#### [Problem statement]
Using the data below, return word for word every line from the one holding "Вести, газета. 2015 №1 стр.19" down to the one holding "НАБОР СКЕТЧ - ЛИНЕРОВ". Leave pictures out.

#### [Input records]

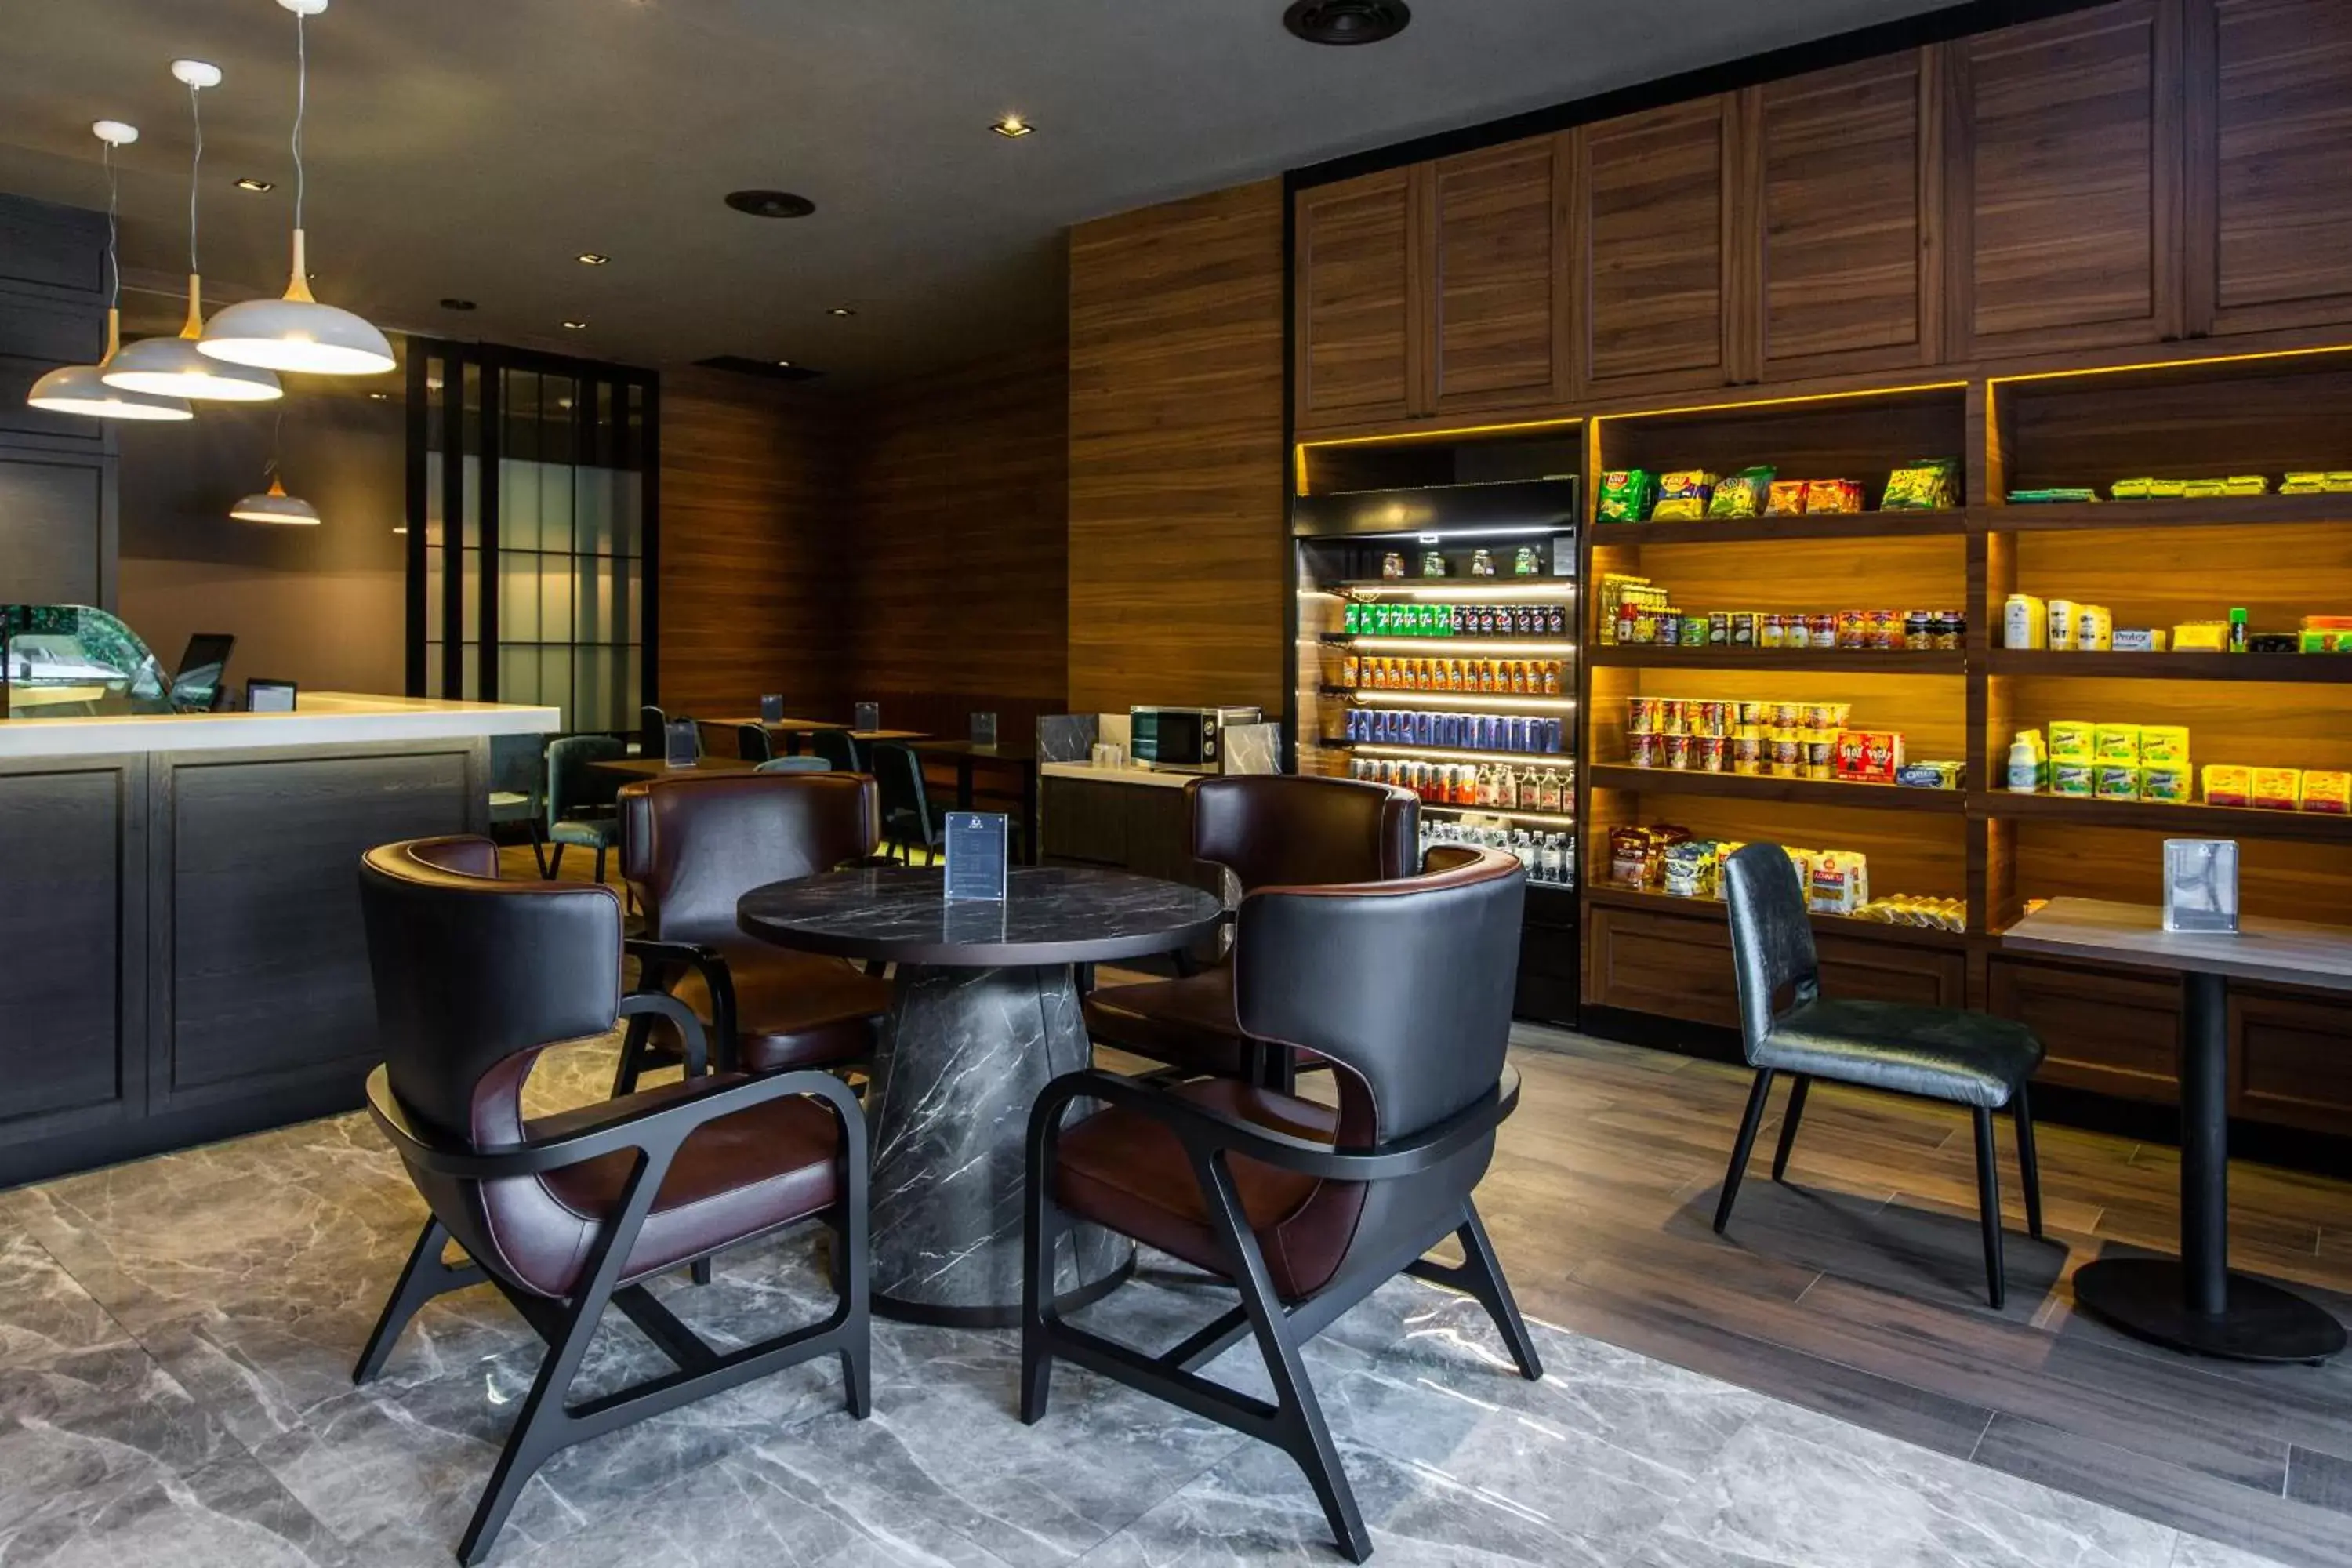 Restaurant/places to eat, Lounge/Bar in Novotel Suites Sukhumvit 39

---

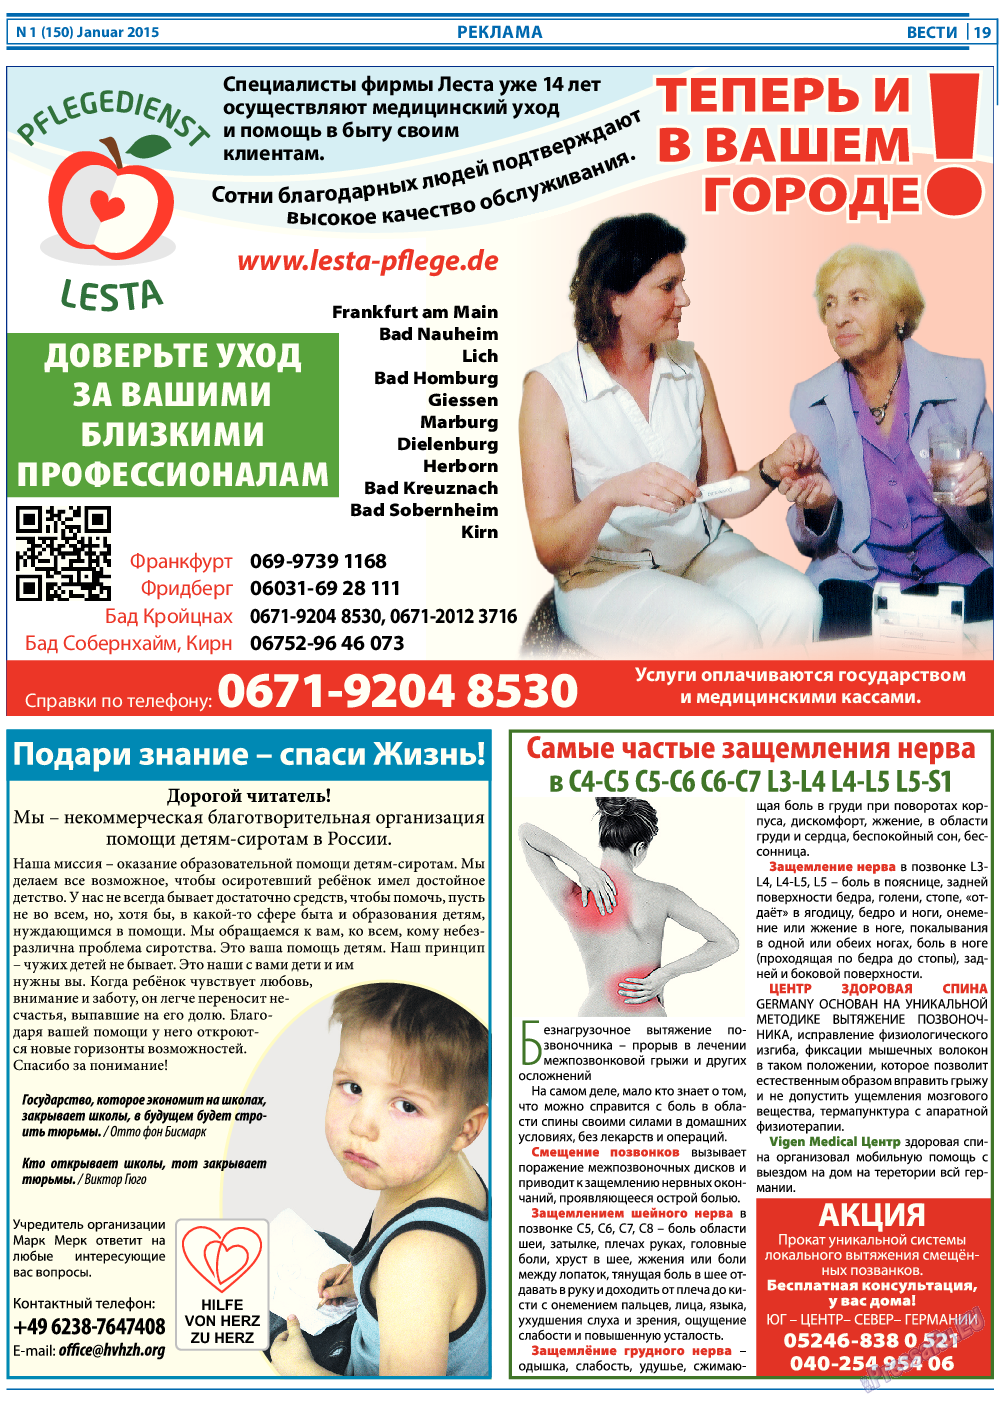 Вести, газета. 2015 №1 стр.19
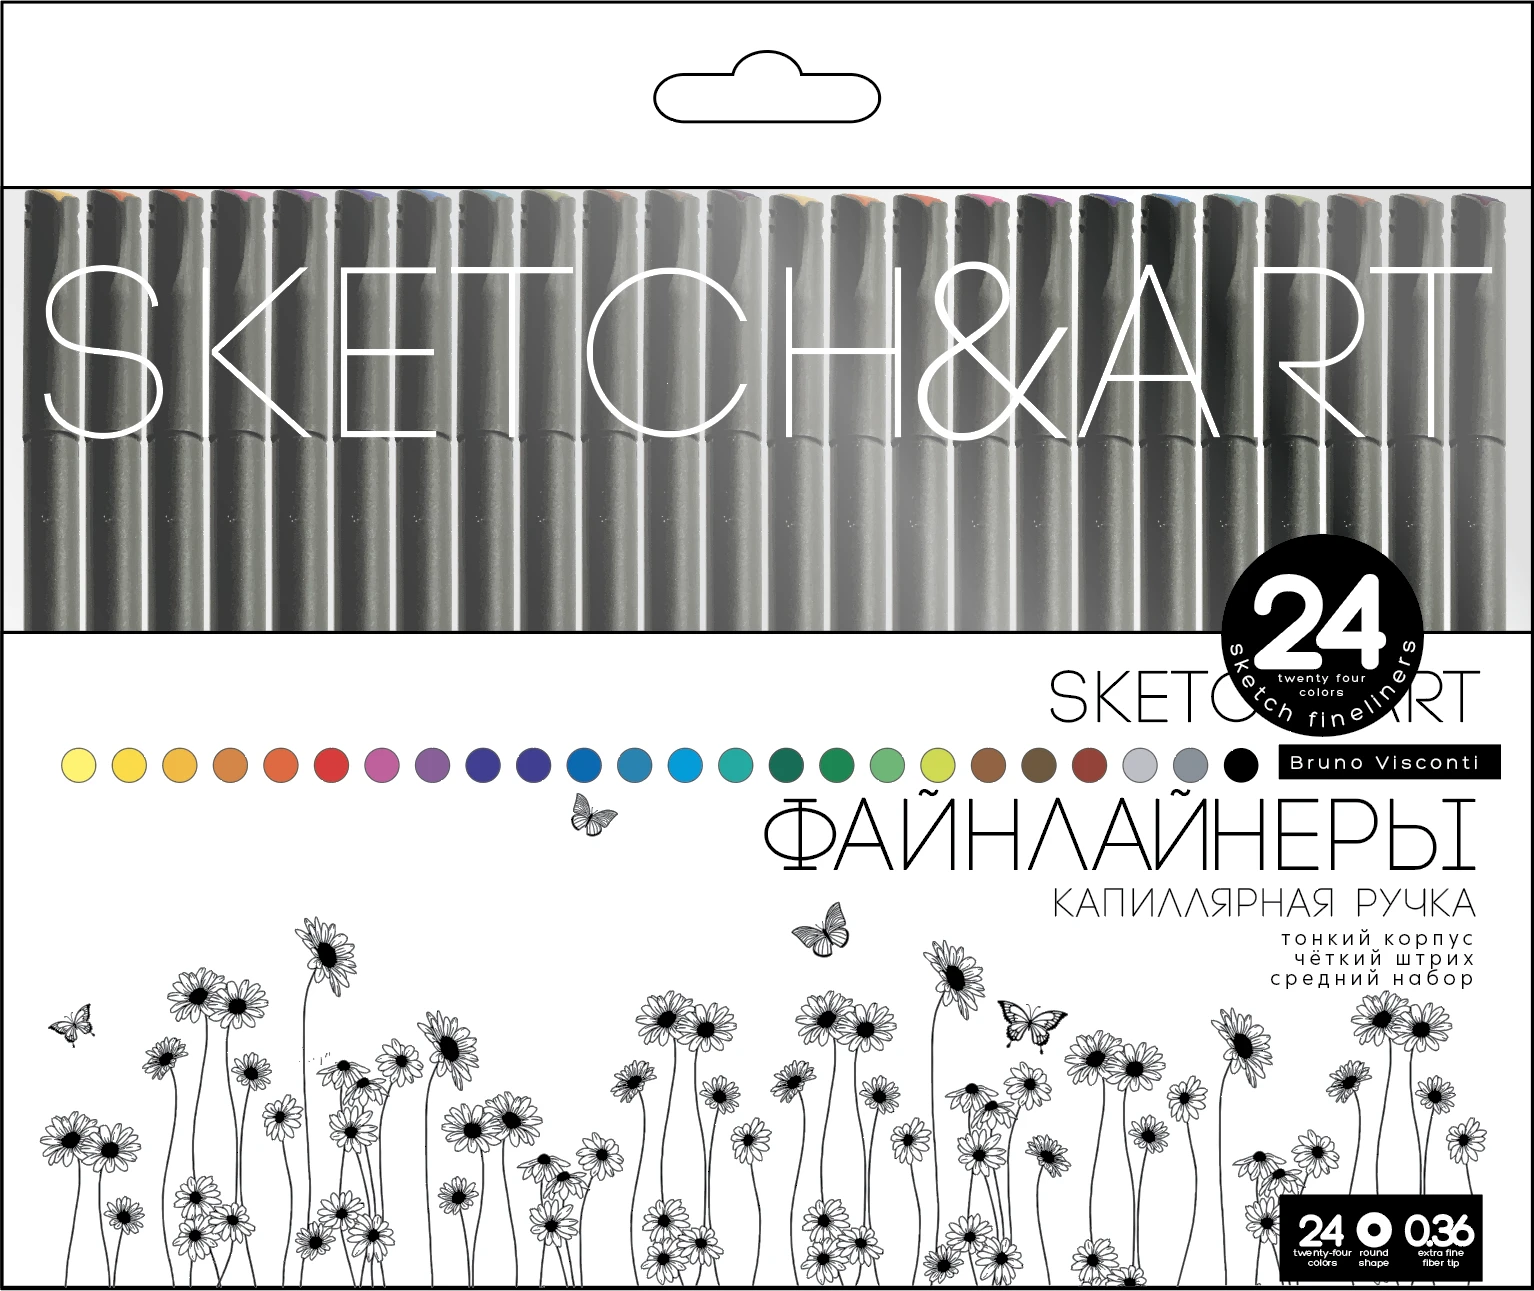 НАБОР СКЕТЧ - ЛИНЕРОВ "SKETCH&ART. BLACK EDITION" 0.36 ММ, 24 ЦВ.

#### [Output below]
 Вести, газета. 2015 №1 стр.19
 НАБОР СКЕТЧ - ЛИНЕРОВ "SKETCH&ART. BLACK EDITION" 0.36 ММ, 24 ЦВ.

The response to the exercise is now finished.